• [Problem to work on]: A word-for-word copy of the listing, free of images, is the expected answer.

##### Data extract #####

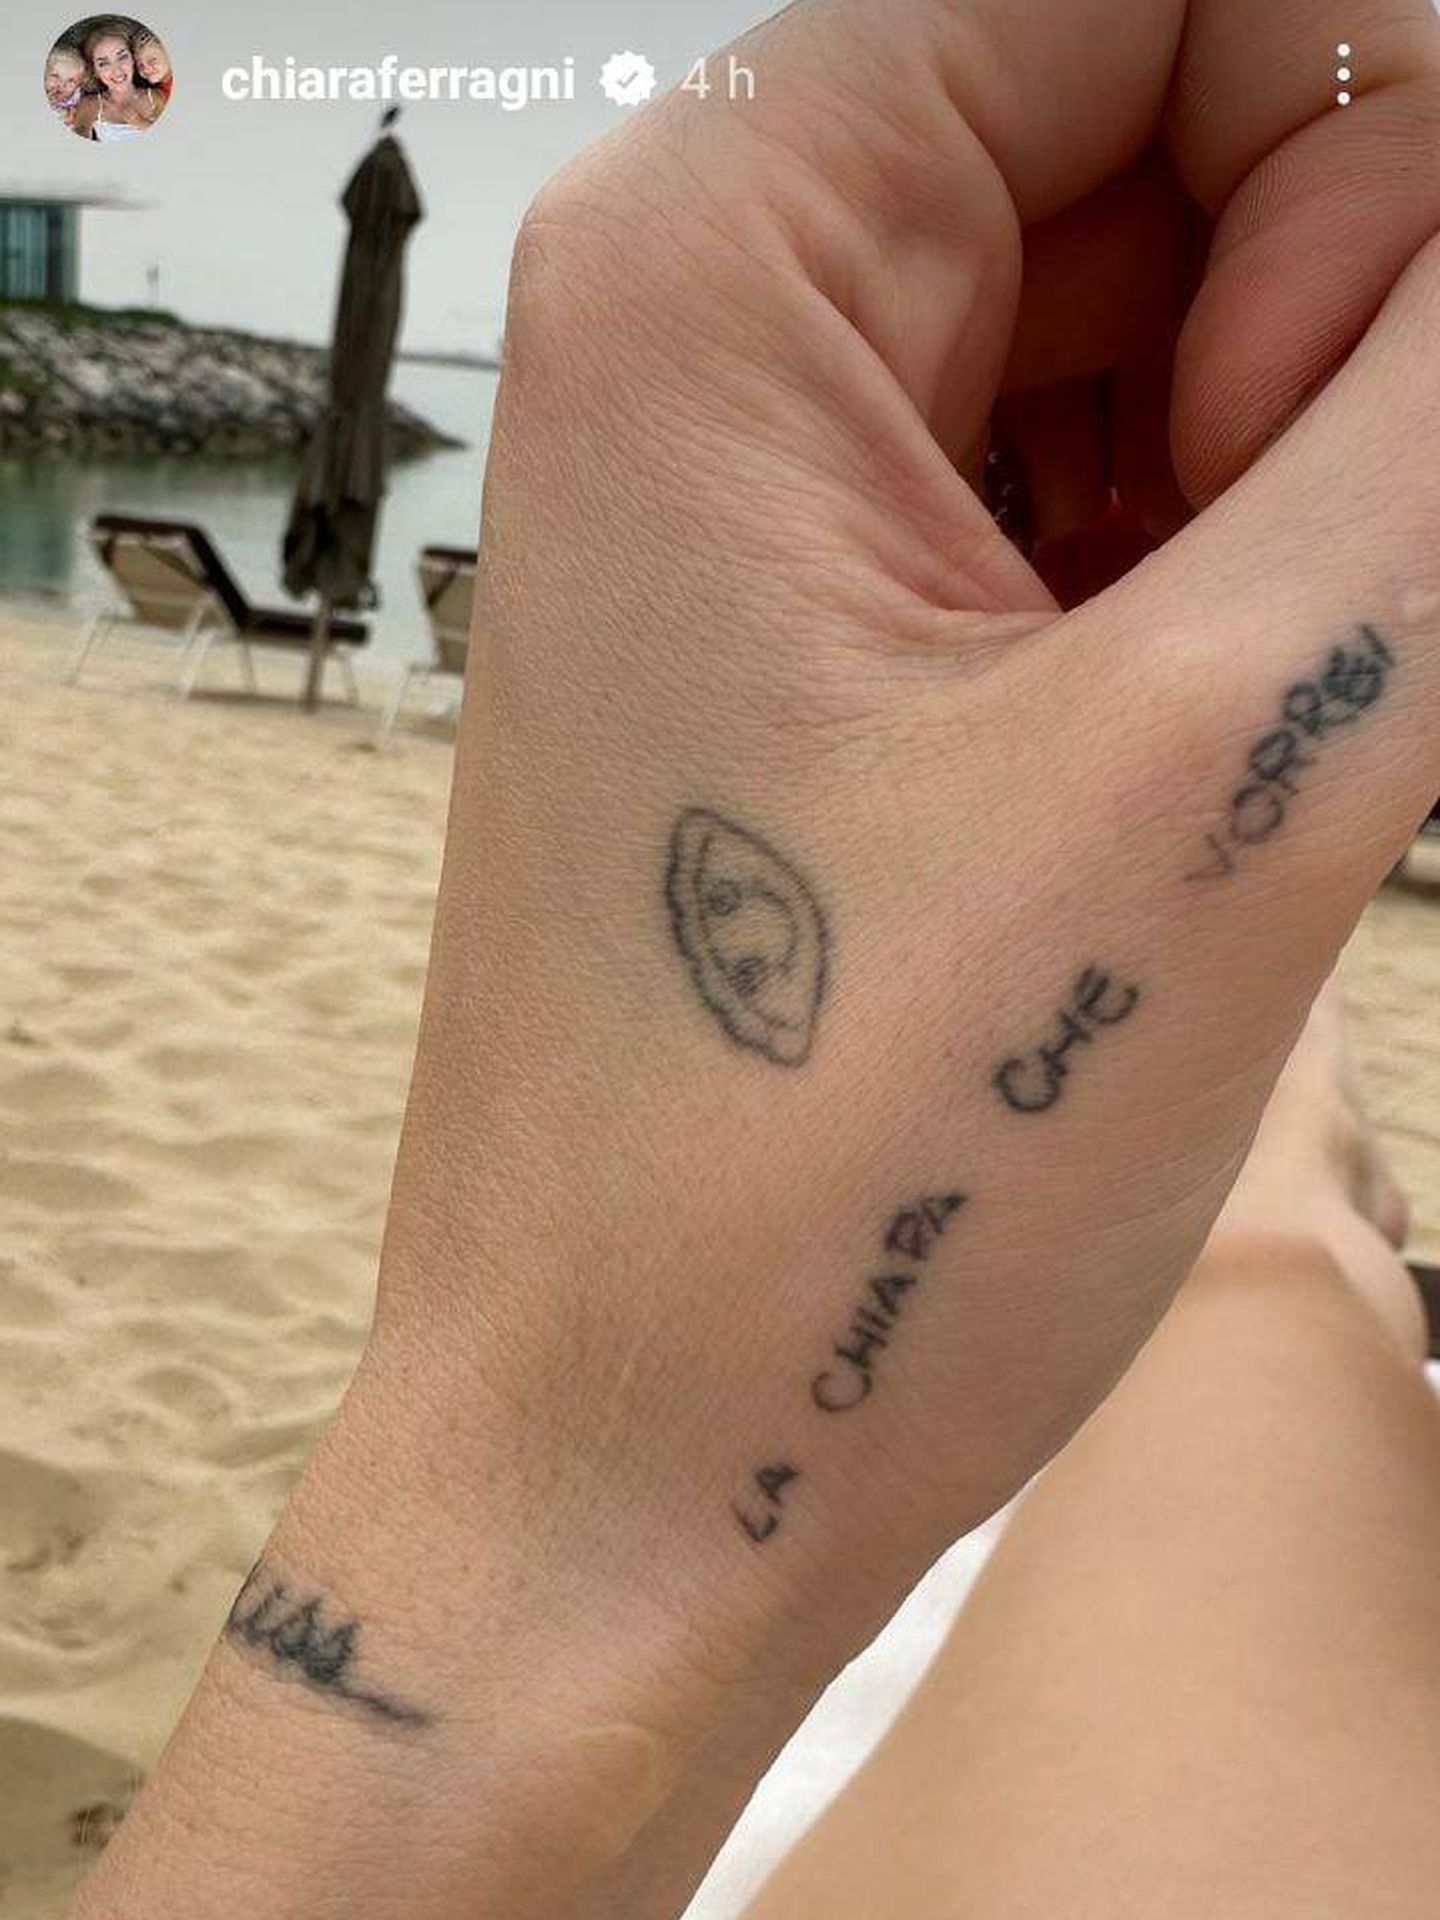 Tatuajes de la mano de la influencer. (Instagram/@chiaraferragni)
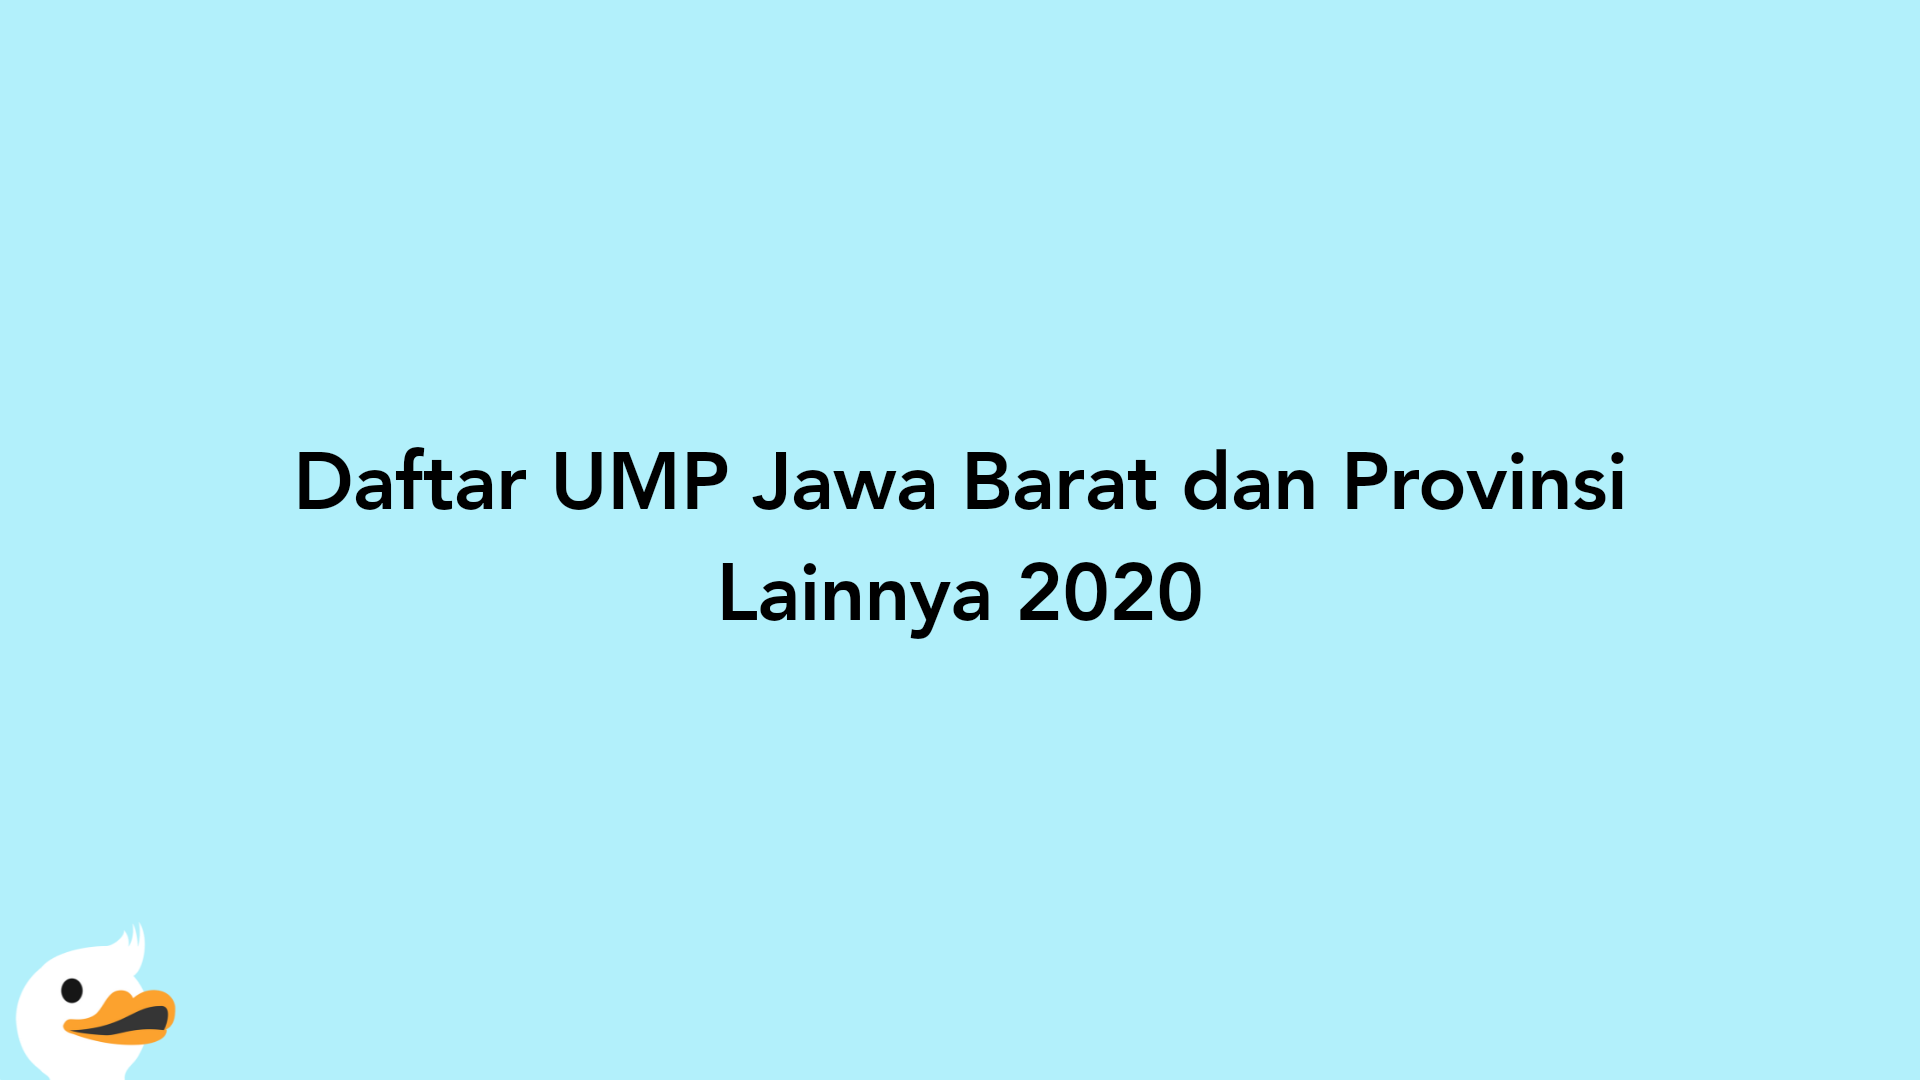 Daftar UMP Jawa Barat dan Provinsi Lainnya 2020
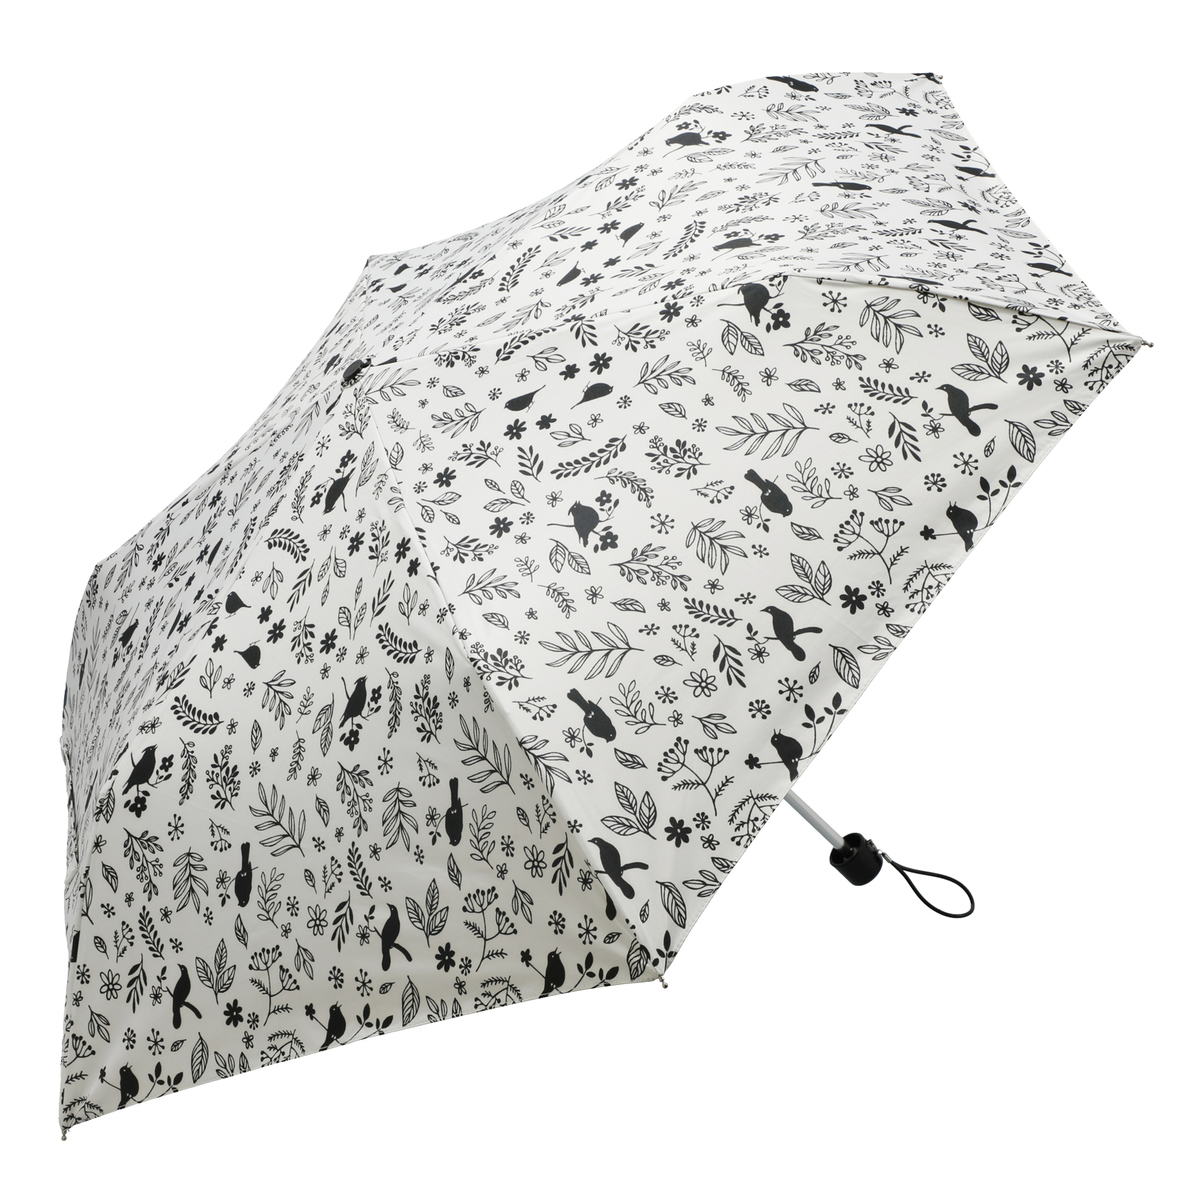  ルナジュメール UV+1級遮光+晴雨兼用 モノクロ 折傘  バード柄オフホワイト
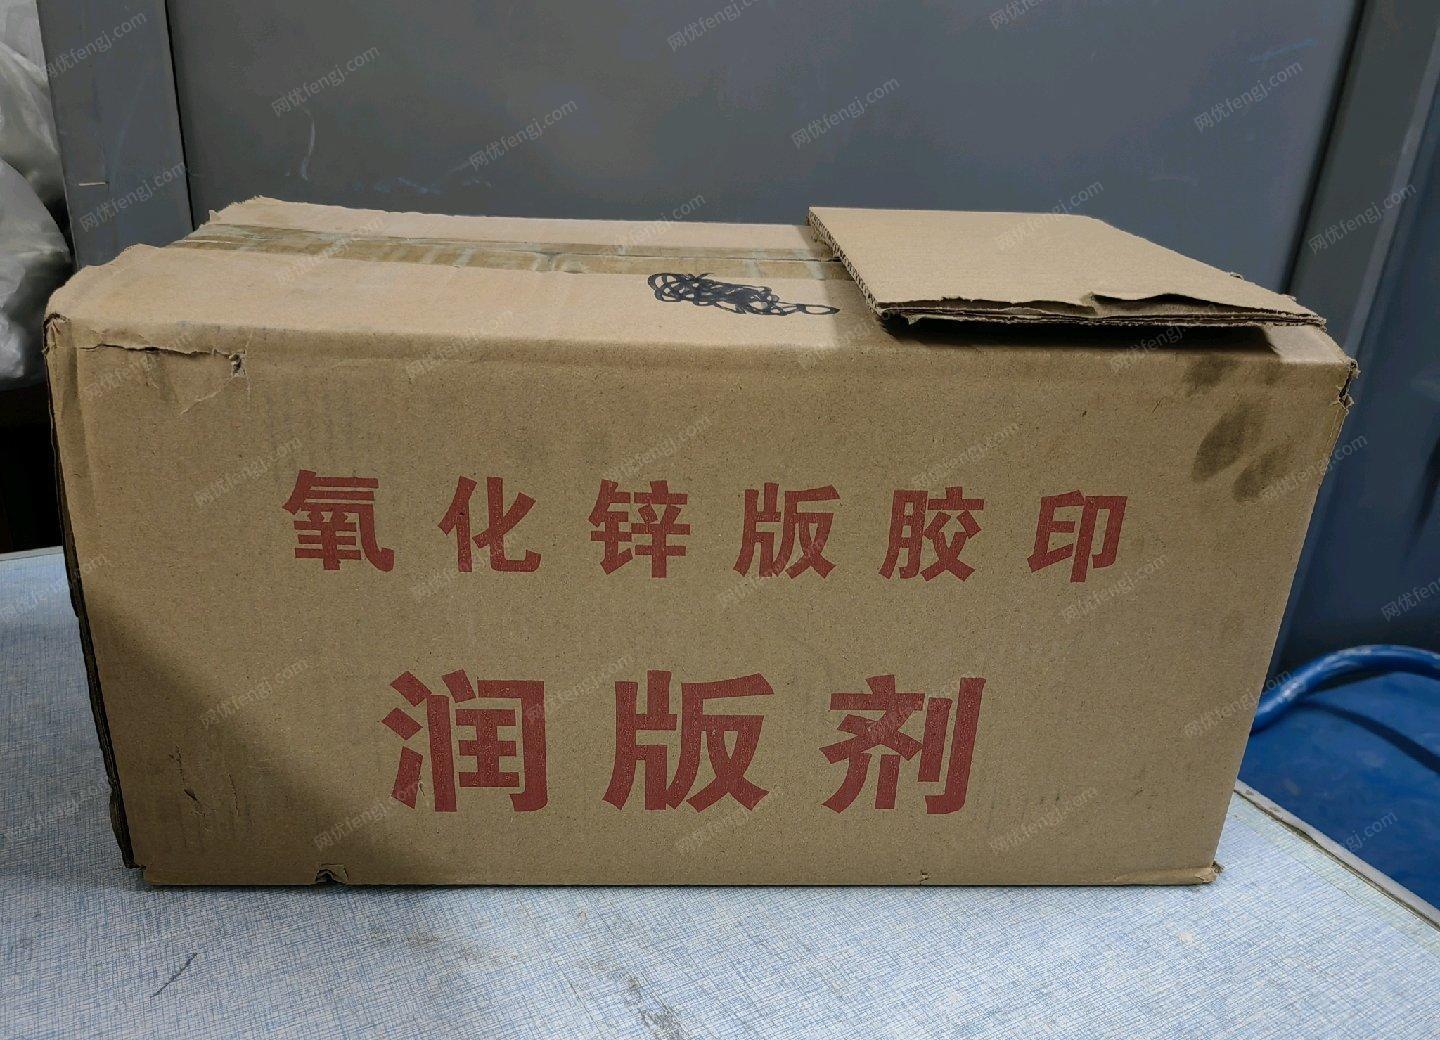 黑龙江哈尔滨出售1800AB胶印机。17年购买的，每年只用于2个月左右的试

#####

• [Output of the task]:
 Tatuajes de la mano de la influencer. (Instagram/@chiaraferragni)
 Daftar UMP Jawa Barat dan Provinsi Lainnya 2020
  ルナジュメール UV+1級遮光+晴雨兼用 モノクロ 折傘  バード柄オフホワイト
 黑龙江哈尔滨出售1800AB胶印机。17年购买的，每年只用于2个月左右的试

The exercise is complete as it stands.